In cases where a servlet is actually tied to a web component on your websites, you can change your servlet to be configured with `sling.servlet.resourceTypes=<resource type of your component>` and then change your front end calls to instead be a URL directly to the component.  When your servlet is tied to your component, this is generally advisable, because in a multi-site situation this ensures the path of the request includes the root path of the current site, which allows your service to ensure it's response is contextual to the site.

 

That said, if you truly have servlets that need to answer on static paths, I think what you can probably do is effectively achieve the same thing as above by adding some `nt:unstructured` nodes to your JCR that have a declared `sling:resourceType` that you can then reference in your servlets (same way as if they were real components).

 

As an example, say you have a servlet with path /api/myservice right now.  In your jcr add:
/content (default AEM folder for content)

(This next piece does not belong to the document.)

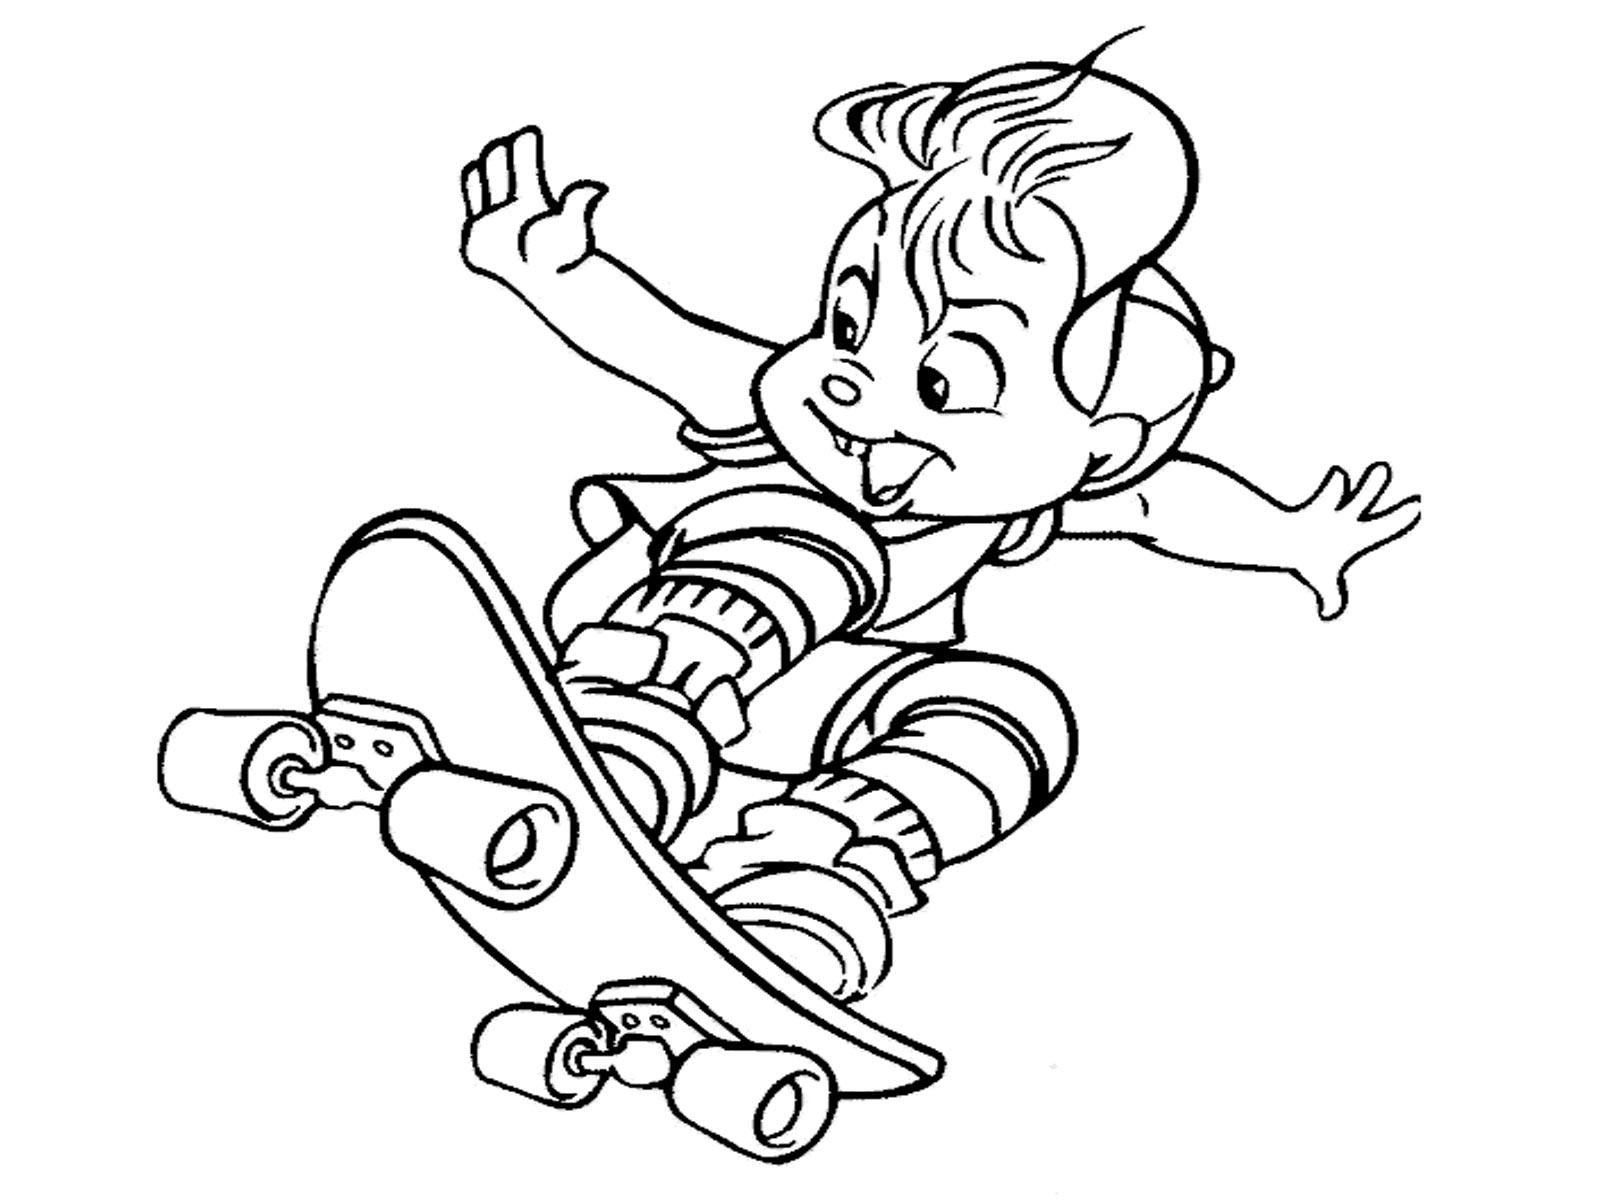 Alvin Et Les Chipmunks #72 (Films D'animation) – Coloriages concernant Dessin De Alvin Et Les Chipmunks

-> /api (type: nt:unstructured)

->-> /myservice (type: nt:unstructured, sling:resourceType: "/servlets/abc")

 

And then in your Servlet, instead of configuring:

`sling.servlet.paths="/api/myservice"`

you have

`sling.servlet.resourceTypes="/servlets/abc"`

 

This then allows ACL's to be set on the `/content/api/myservice` node to govern access to your servlet, if desired.

 

NOTE that you'd need to call AEM with the full path `/content/api/mysevice.json` for example, which you can alter in your dispatcher configs (e.g. shorten to /api/myservice) for external use.

 

Maybe not everything you need, but LMK if this helps.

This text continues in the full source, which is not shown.